MzHz · 16/10/2023 07:35

@Imjusttootired your dp and her were NC

shes not allowed unsupervised contact with her own kid

this is your home, your place of safety

youre still grieving (as is DSC) and this woman who isn’t suitable/safe for your DSC is again making it all about herself

this isn’t about the. Child, nothing ever is. it’s about her

shes had chance after chance to be a better person and she’s failed.

all the BS with 2 sets of everything proves it. She’s highly combative and she’s trying to get into your home.

no. Say no, mean now and keep it no

“we’re going away for Christmas, we’ll stick to the dates/arrangements agreed”

TimetoPour · 16/10/2023 07:38

It would be a no from me. There is a reason that the visits are supervised in another setting. Do not allow them to make you feel guilty. I’m sure if you spoke to the contact centre they would also advise against it.

Imjusttootired · 16/10/2023 07:57

I think I find the whole thing conflicting- it’s always been difficult but I was not the person dealing with it as the sole person.
sometimes me being a mum effects my emotions because i think about my own if that makes sense and not being able to see them where as DP was emotionally strong about the whole thing.

OP posts:
LadyBird1973 · 16/10/2023 07:59

I would say no. This is your first Christmas without dh and it will be emotionally loaded. I think you could do without having dsc problematic birth mother in the house. In every meaningful sense you are his mum - it's not doing anything that will negatively affect him, to just keep Christmas as normal as possible. And you do also have to consider your other child and their comfort.

Plus, as has been said, it sets a precedent and it is better to have clear demarcation of your home and hers, since she is not a suitable person to even have unsupervised contact. It's too much and you should feel no guilt in saying no. She's overstepping to ask this if you tbh.

OhmygodDont · 16/10/2023 08:00

I’d just say no. You have other plans that’s the child is already looking forward to and that you don’t wish to blur the lines of normal contact. But offer like you have any other day the supervisor is available.
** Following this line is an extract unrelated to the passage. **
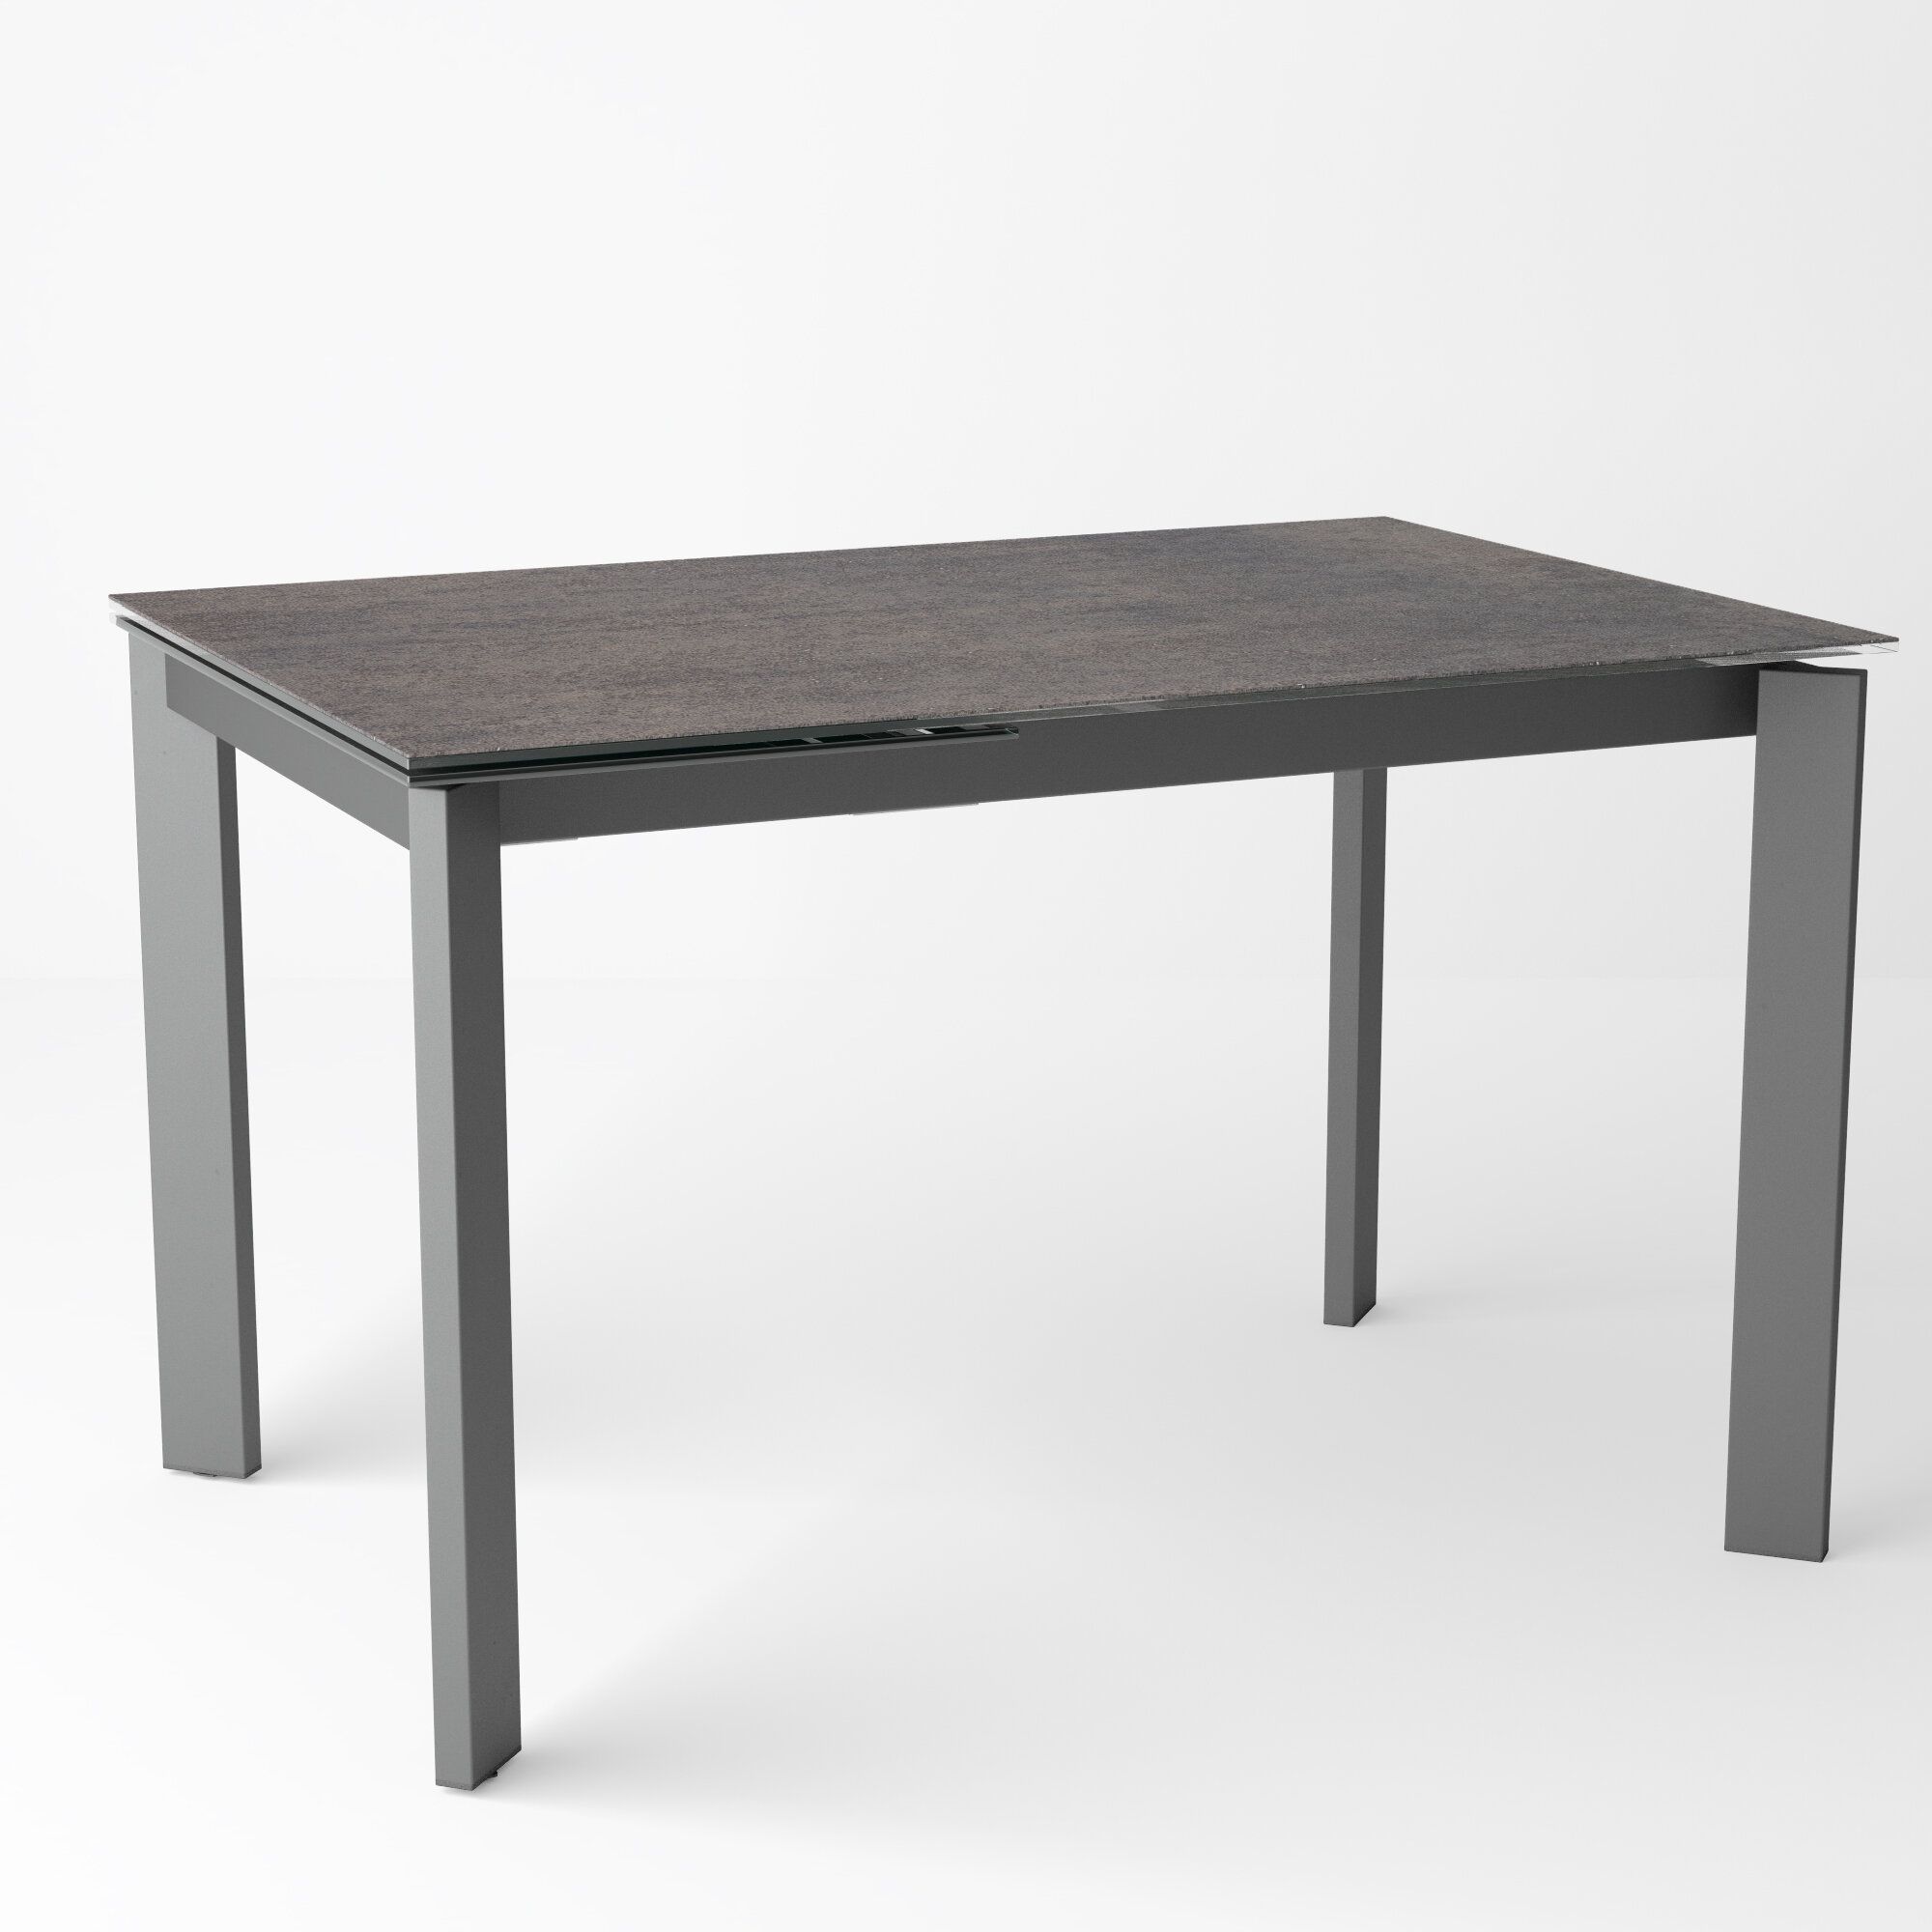 Fayean Extendable Dining Table Regarding Most Up To Date Faye Dining Tables (View 10 of 25)

Ohdearwhatnow4 · 16/10/2023 08:02

Is their a social worker involved? Can they not organise something? Stay strong and don't back down, if needs must ask for all correspondence to be done through email or a third party.

Doingmybest12 · 16/10/2023 08:04

I think if you believe you can't offer an inch without a mile being demanded then don't go down that path. I would begin as you wish to go on with this. I feel for you having to manage this.

Hankunamatata · 16/10/2023 08:05

I'd stick with your plans, going to relatives. You and dc need support at this time and BM should understand this.

I would not let them in the house. Keep strong boundaries.

familyissues12345 · 16/10/2023 08:06

I think you have to put yourself and the children's needs first, offer Christmas Eve etc.

Quitelikeacatslife · 16/10/2023 08:15

Offer to do a walk and cafe on Christmas Eve, Santa came early if you like then it's done and you can relax more

Doingmybest12 · 16/10/2023 08:17

I think the more you say it is clear the priority is you and the children as a family together. Stay strong .

MuggleMe · 16/10/2023 08:19

Christmas day is such a big deal I actually think it would be counter productive to do something so charged on the day.

I'd offer something similar on 23rd. Don't ruin your and your child's own Christmas for BM.